Here $$n=-\dfrac23,$$ so $$n+1=\dfrac13.$$ Thus

$$I=-\dfrac16\;\dfrac{u^{1/3}}{1/3} =-\dfrac16\cdot3\,u^{1/3} =-\dfrac12\,u^{1/3}+C,$$

where $$C$$ is the constant of integration.
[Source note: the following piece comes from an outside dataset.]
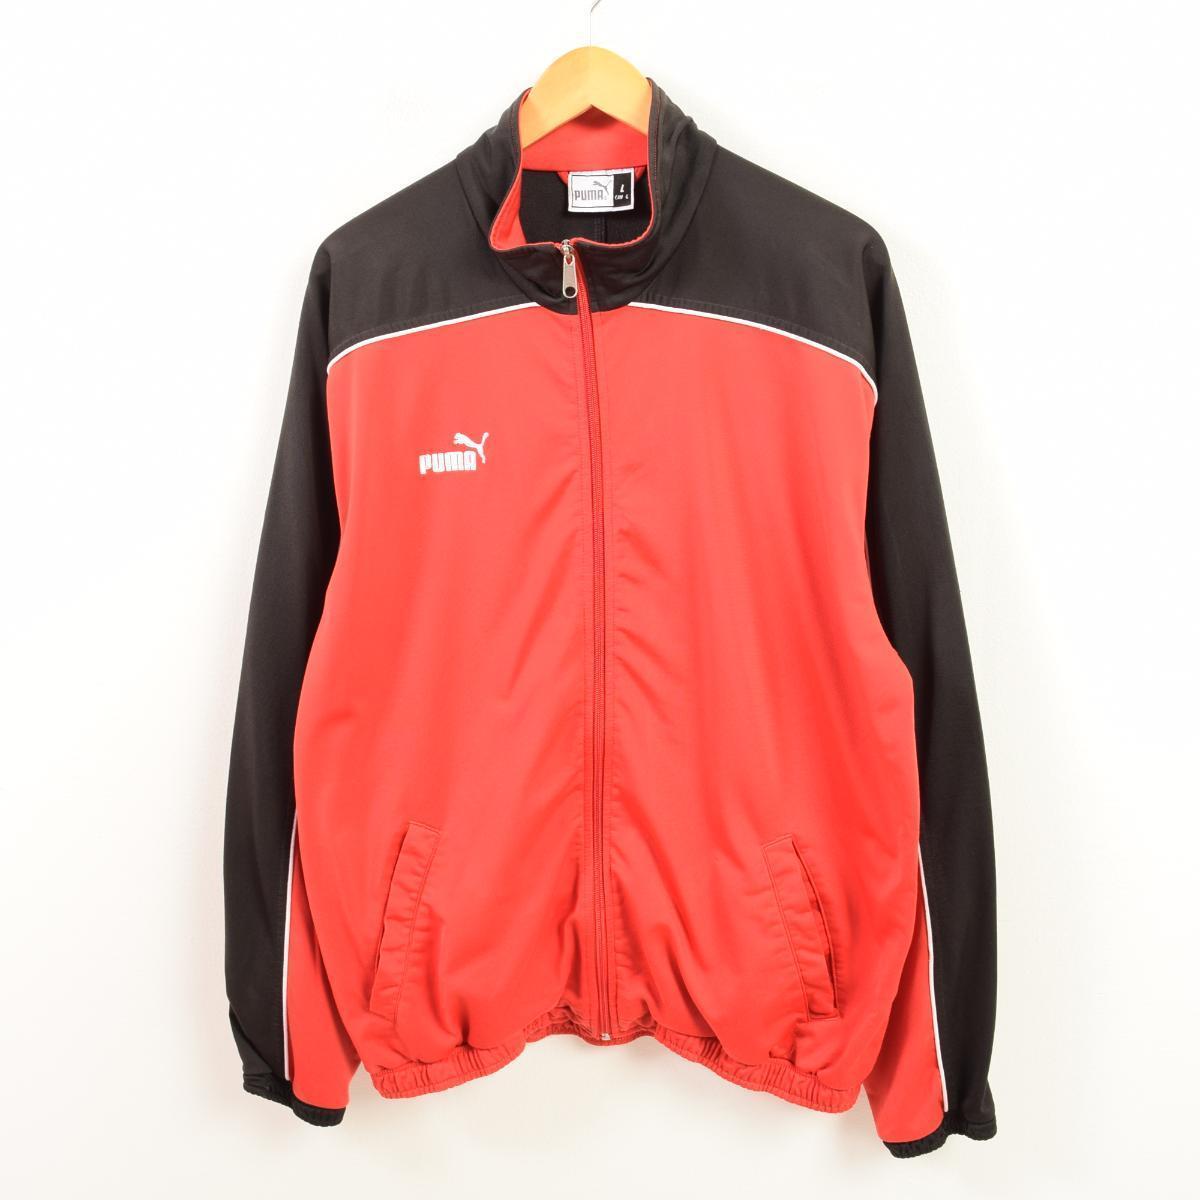 4542ca6663b8 VINTAGE CLOTHING JAM  Puma PUMA jersey truck jacket men XL  wat1283 ...

Re-substituting successively $$u=v^{3}+1$$ and $$v=t^{-2}=\sin^{-2}x,$$ we get

$$u^{1/3}=(v^{3}+1)^{1/3} =\Bigl(\sin^{-6}x+1\Bigr)^{1/3} =\dfrac{(1+\sin^{6}x)^{1/3}}{\sin^{2}x}.$$

Hence

$$I=-\dfrac12\,\dfrac{(1+\sin^{6}x)^{1/3}}{\sin^{2}x}+C.$$

Comparing this with the required pattern

$$I=f(x)\,(1+\sin^{6}x)^{1/\lambda}+c,$$

we clearly have

$$\frac1\lambda=\frac13\quad\Longrightarrow\quad\boxed{\lambda=3},$$

and

$$f(x)=-\dfrac{1}{2\sin^{2}x}.$$

We now evaluate $$f(x)$$ at $$x=\dfrac{\pi}{3}:$$

$$\sin\!\left(\dfrac{\pi}{3}\right)=\dfrac{\sqrt3}{2} \;\Longrightarrow\; \sin^{2}\!\left(\dfrac{\pi}{3}\right)=\dfrac34.$$

Therefore

$$f\!\left(\dfrac{\pi}{3}\right) =-\dfrac12\;\dfrac1{\frac34} =-\dfrac12\cdot\dfrac43 =-\dfrac23.$$

Finally,

$$\lambda\,f\!\left(\dfrac{\pi}{3}\right) =3\left(-\dfrac23\right) =-2.$$

Hence, the correct answer is Option D.